Days later my fingers trace the raised marks, and again even about a week later. I smile and kiss her. I have to restrain myself, not drag my nails across her upper back, not down her spine, or tracing her shoulder blades, to make sure I don’t break open the healing, red lines. Days later I trace the raised marks and smile.
First Memories
I don’t remember the first time I thought “Hey, I might be trans.” I don’t remember any specific moment where things just “clicked.” I remember the night I figured out I like women, and it was within a month or two after that night that I figured out I was trans. But I don’t remember that first time things started to fall into place.
I remember the first time I got called dyke in elementary school, for being socially awkward and gender-nonconforming for the little ten year olds we were. I didn’t know hwo to react, because it was obviously an insult but I did not understand either why it was insulting or what made me a “dyke.” I remember the first time some scared little kid came up to me and asked, “Are you a boy or a girl?” and it was one of the most interesting conversations on gender I have ever had, and I almost blew up at him.

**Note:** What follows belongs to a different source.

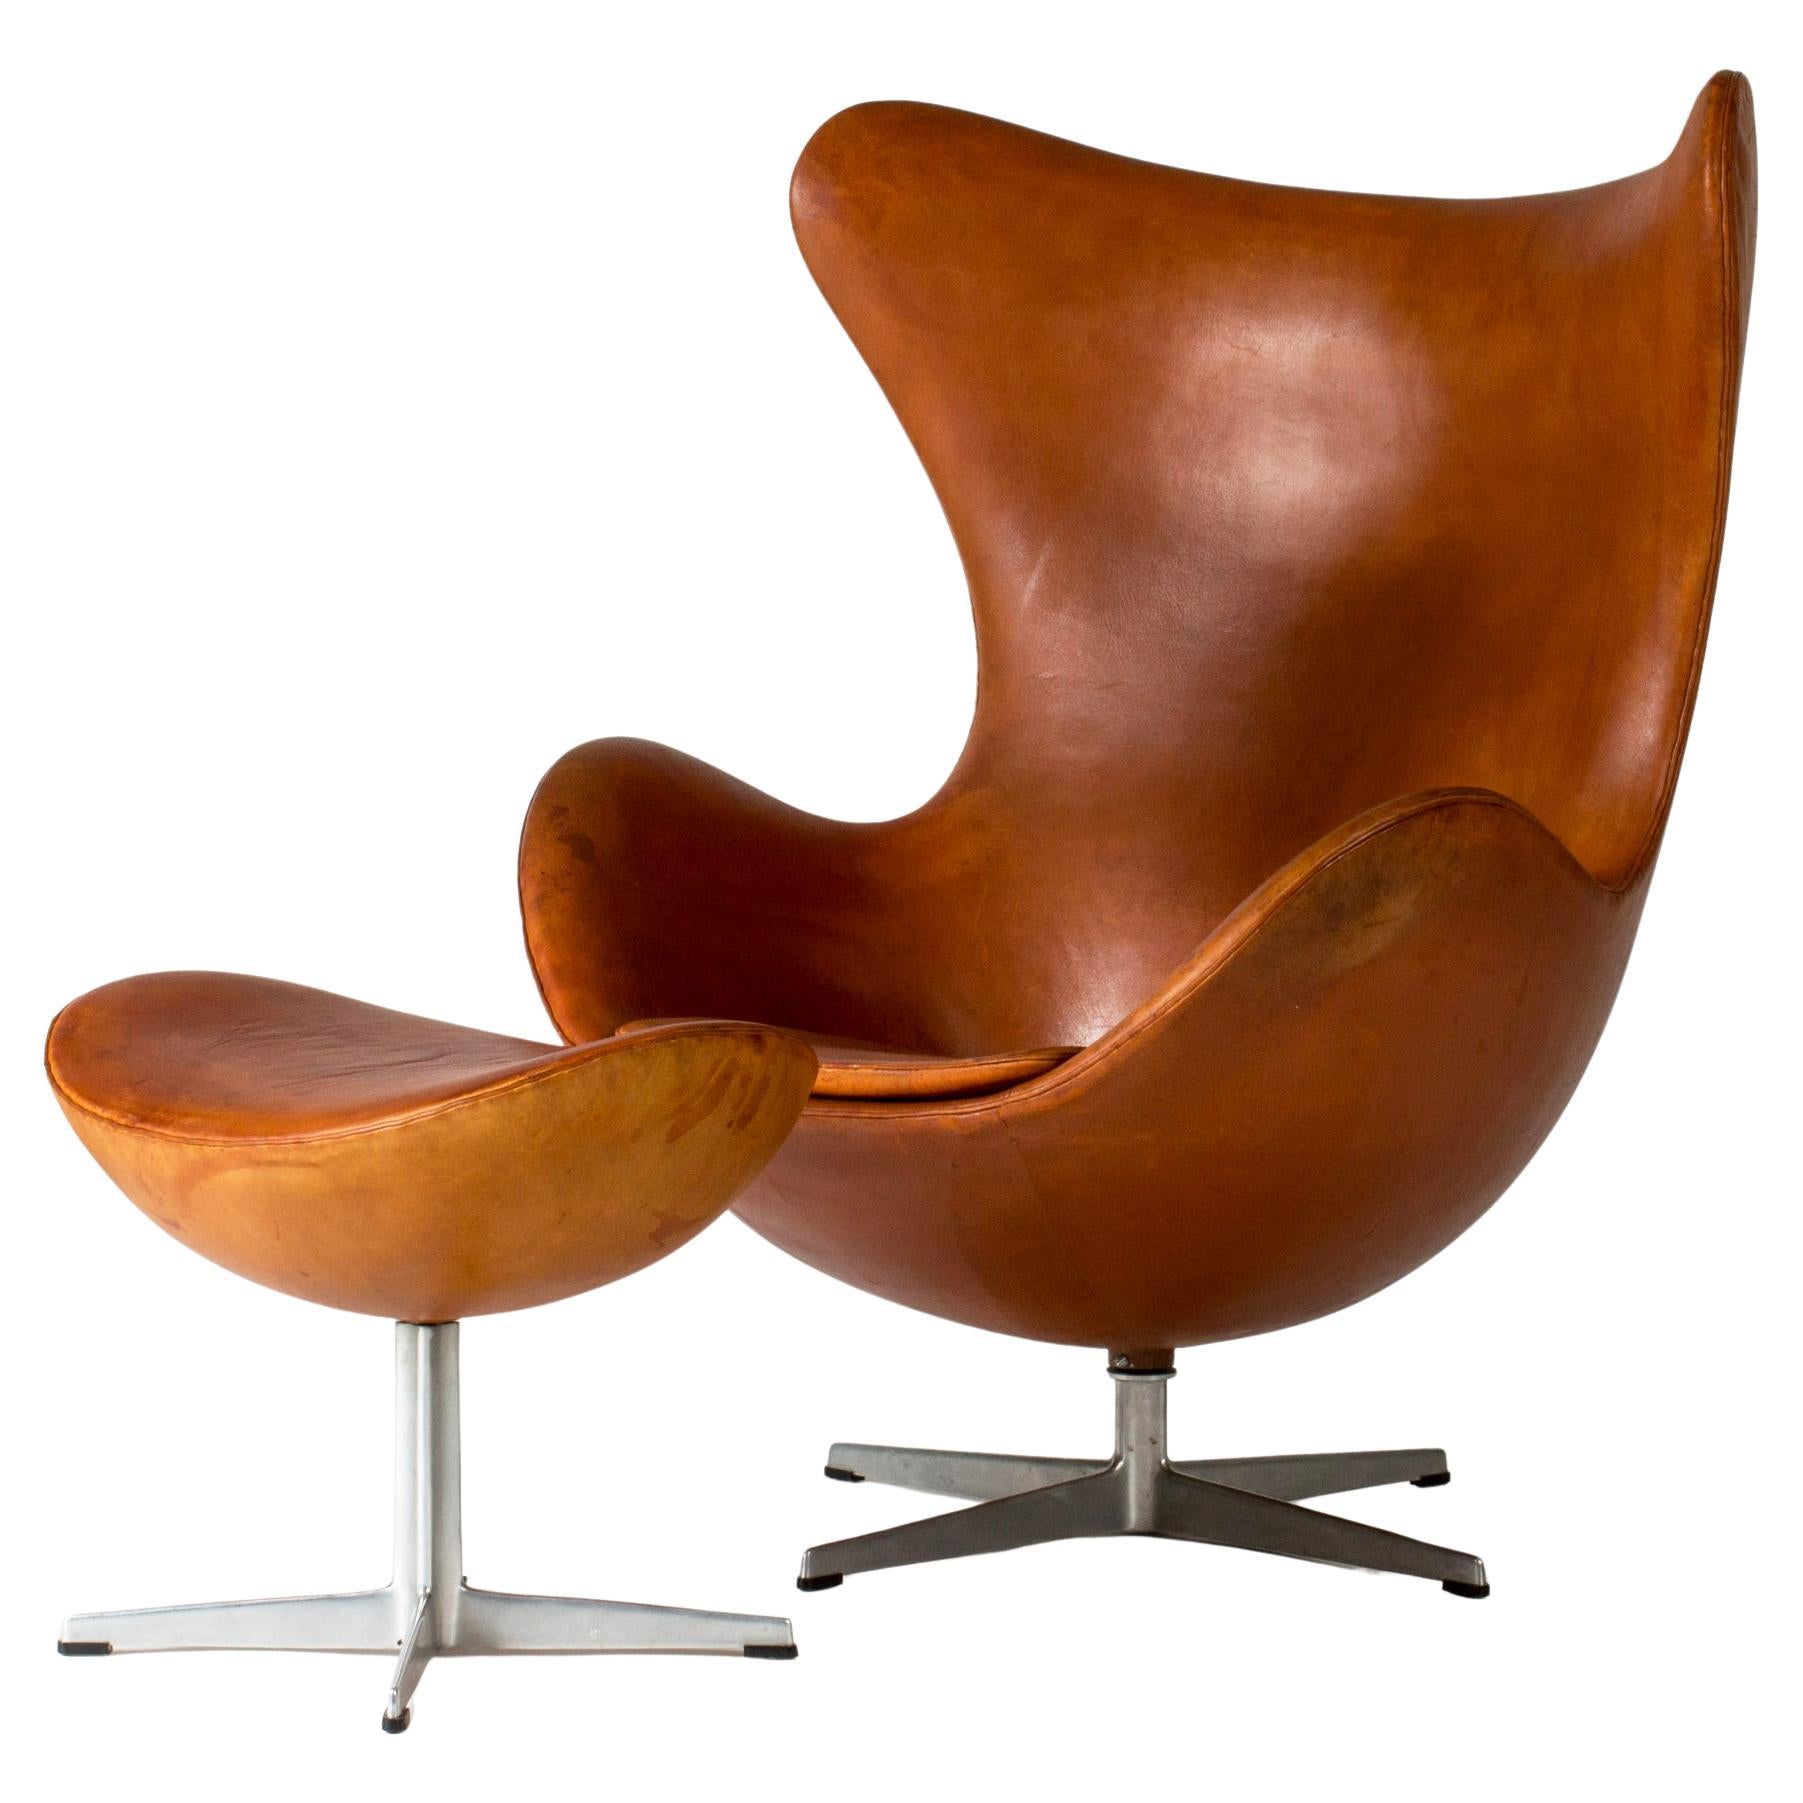 Midcentury Modern "Egg" Lounge Chair and ottoman, Arne Jacobsen, Denmark, 1950s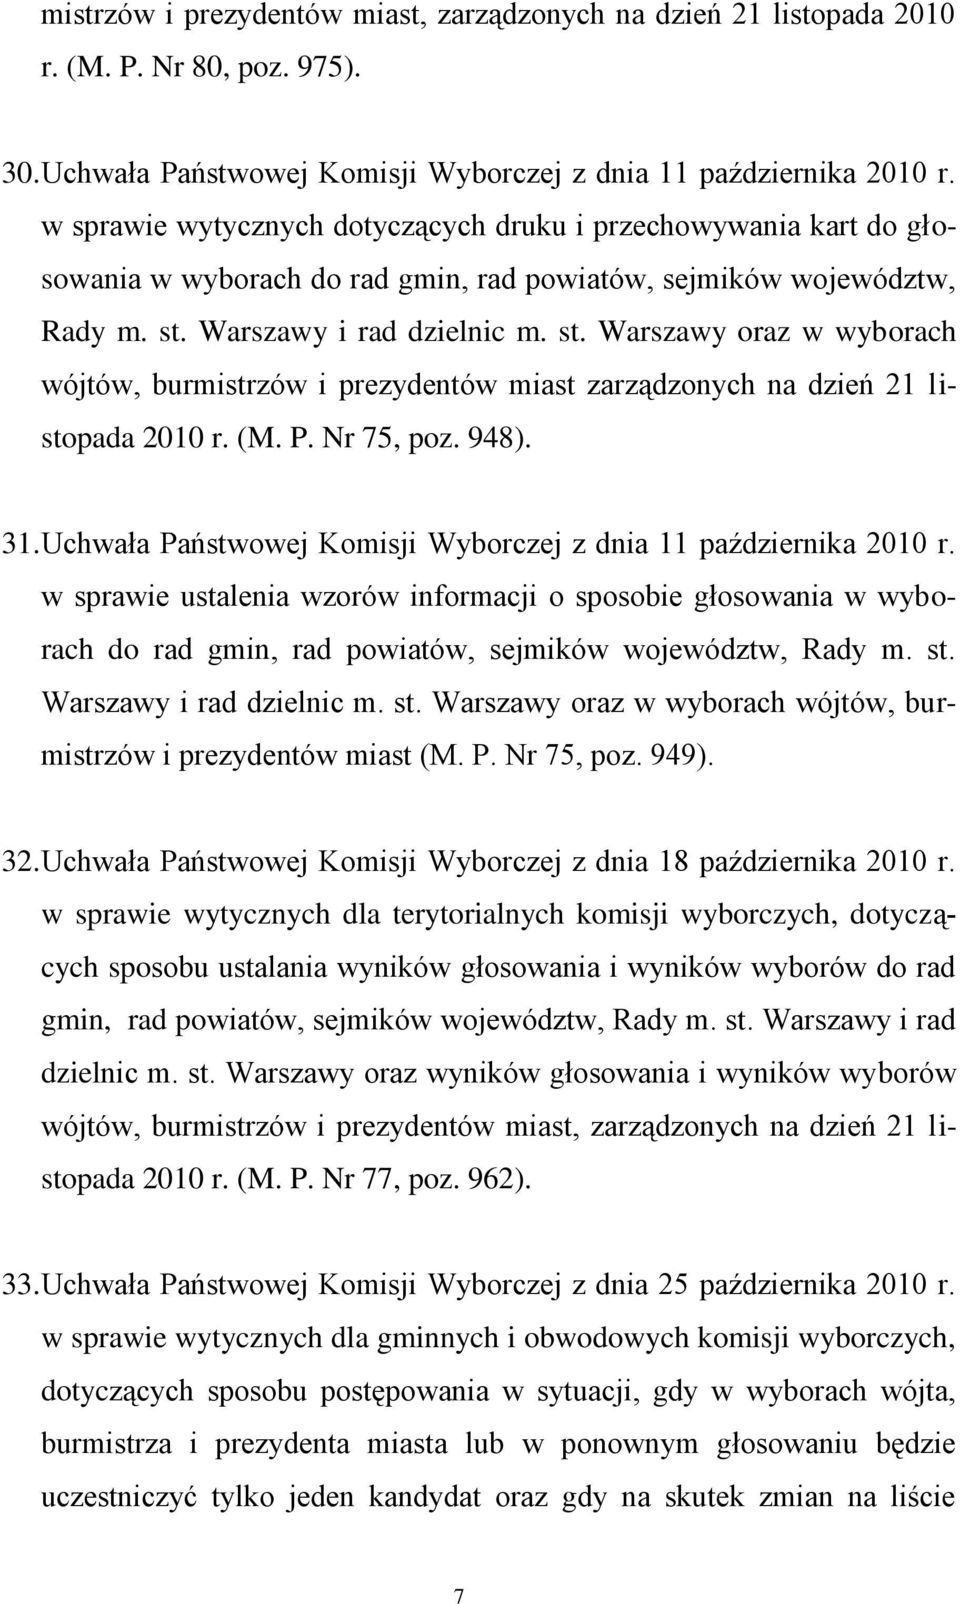 Warszawy i rad dzielnic m. st. Warszawy oraz w wyborach wójtów, burmistrzów i prezydentów miast zarządzonych na dzień 21 listopada 2010 r. (M. P. Nr 75, poz. 948). 31.

There are some things that no matter what, I will never forget. Some firsts that with exception of severe brain damage, I am going to remember for the rest of my life.
I remember the first time I played with rope. No clue as to the date, but it was spring. I took the SAT that day, walked outside and their she was, waiting. The sun was shining, but we did not see it on the far side of the blackout curtains. We were broke, so we played with clothespins and pocket knives. She pulled out some cotton rope, from home depot, and looked around the room. One rocking chair with no good tie offs. One bed with a solid headboard, and no bars… There was no place to tie down as we wanted. So I threw on clothes and grabbed a chair from my brother’s room… The first time I was tied up it was in my brother’s chair, and it was spring.
She put my hands behind me, behind the back of the chair, looped the rope around my hands, and tied it off. Badly. They were loose, and the knot did not stay, but before I could contemplate untying myself, she had bit my neck and her nails dragged down my inner thigh. I moaned in pain, my face splitting into a wide grin. She chuckled, and set the clothespins on my nipples. She leaned in to kiss me as she set the clothespins on, and I half-screamed into her mouth. She went down on me, sucking on my clit, telling me I was such a hot boi, her boy. I never came. That wasn’t the point…
It was the first time I played with rope, and by the end I had slid out of my bonds by accident. It was spring, and for the first time, I wasn’t a girl to the other person. The first time I played with rope was the first time I ever played as me.